### ACTION ITEM:
Only the lines from the one with "Matrimonio In Glicine" through the final line below belong in the answer, copied exactly and without pictures.

DATA PROVIDED Start Marker

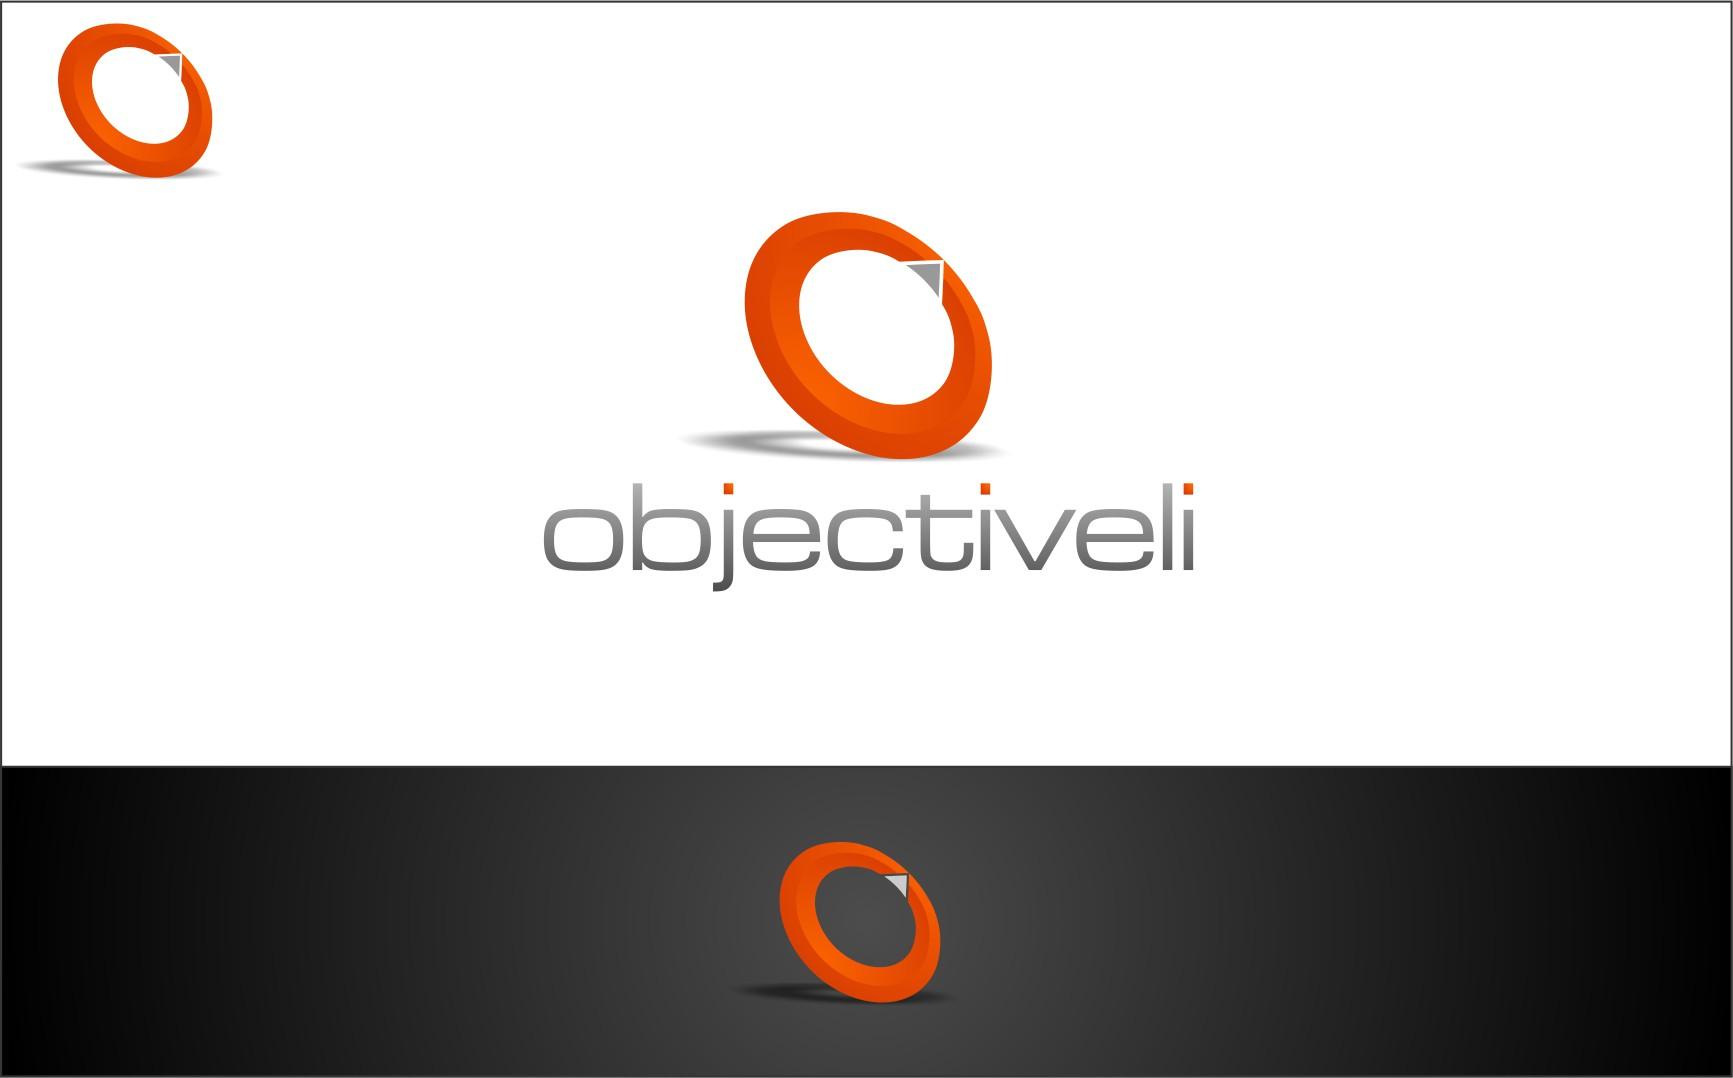 Objectiveli needs a new logo
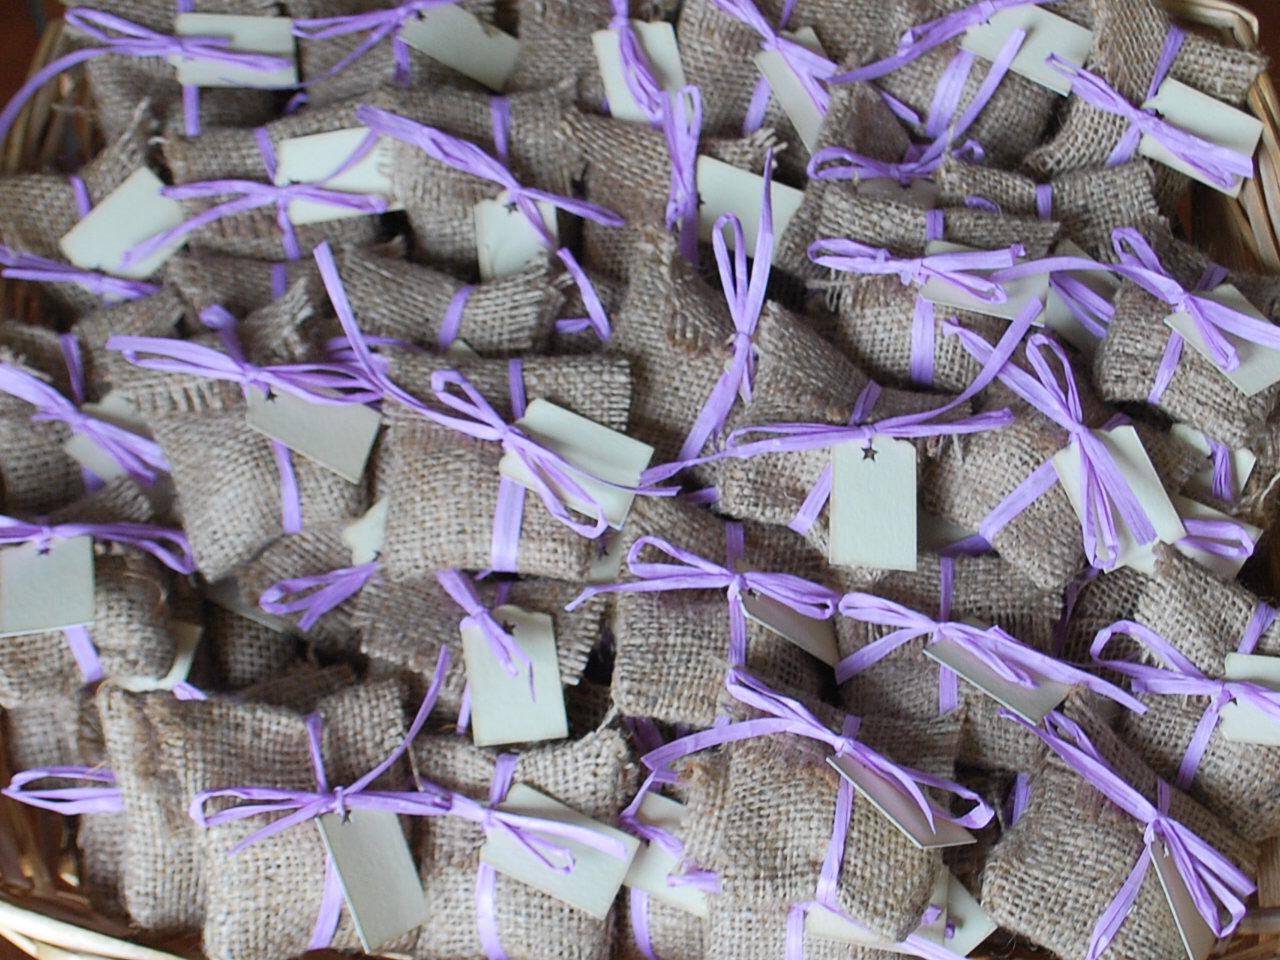 Matrimonio In Glicine : Allestimento giardino per matrimonio centrotavola battesimo fai
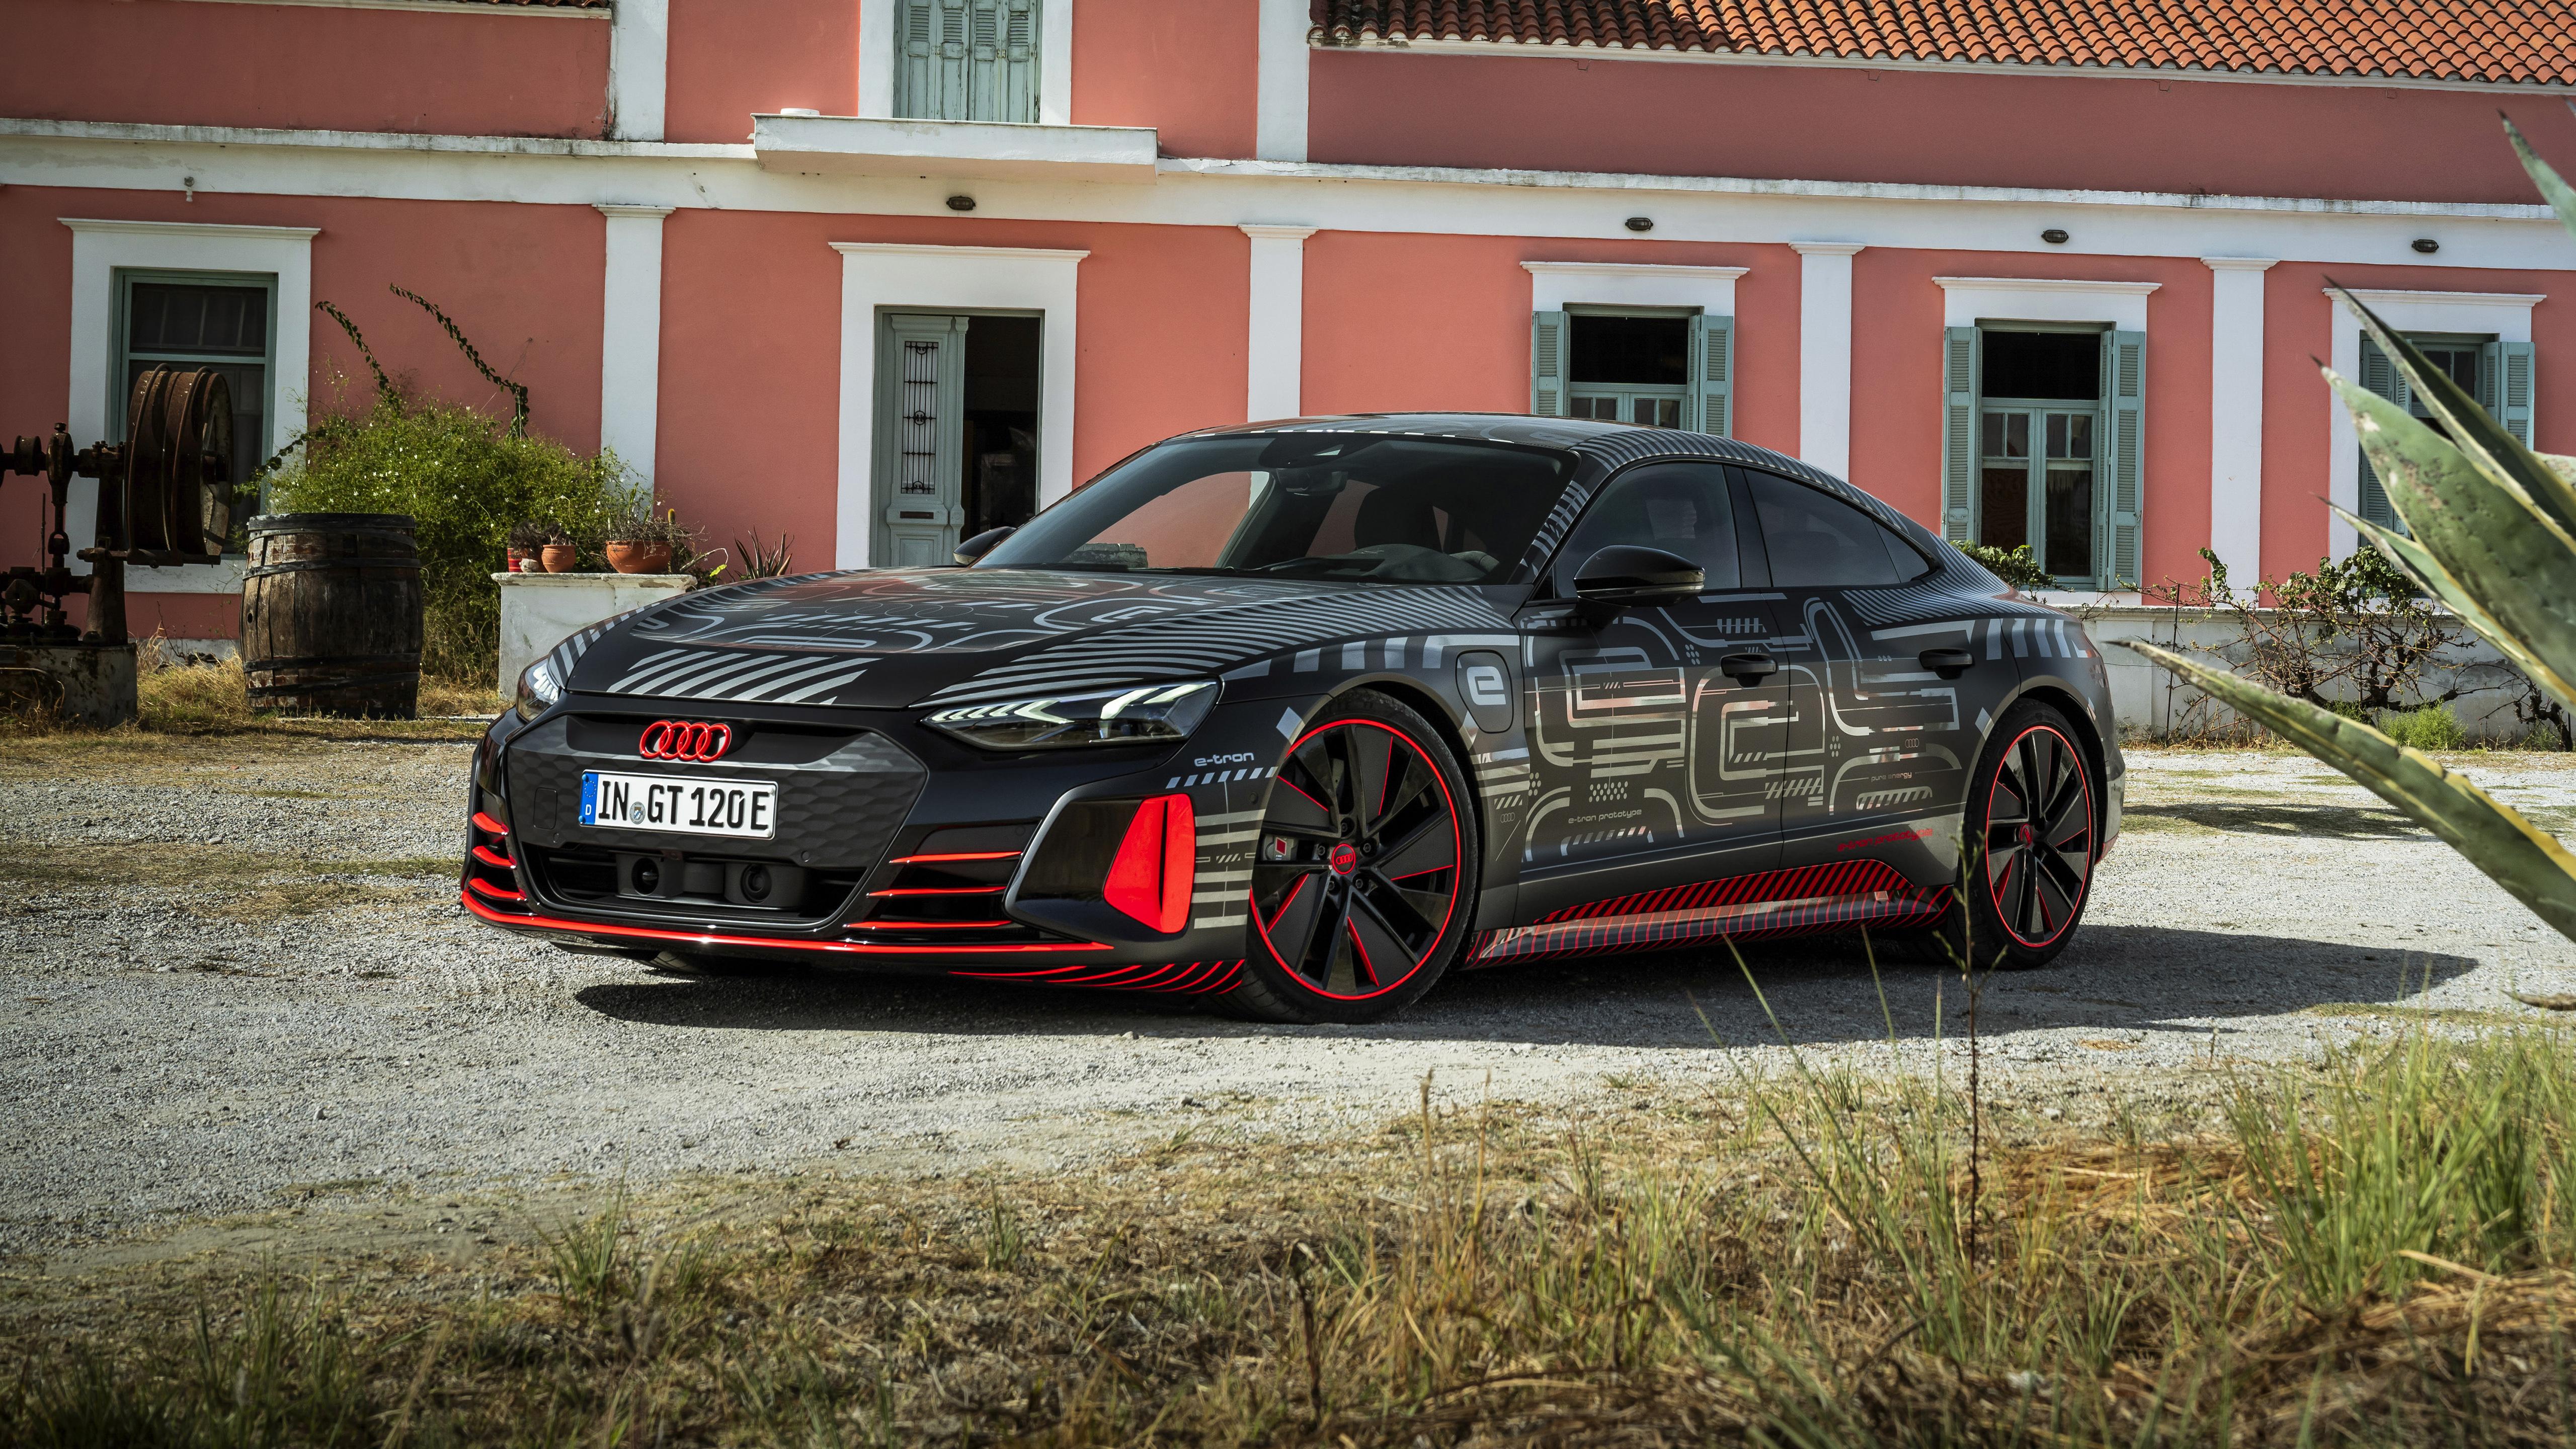 audi rs e-tron gt prototype 2021 5k 5 wallpaper | hd car

DATA PROVIDED End Marker

### TASK SOLUTION:
 Matrimonio In Glicine : Allestimento giardino per matrimonio centrotavola battesimo fai
 audi rs e-tron gt prototype 2021 5k 5 wallpaper | hd car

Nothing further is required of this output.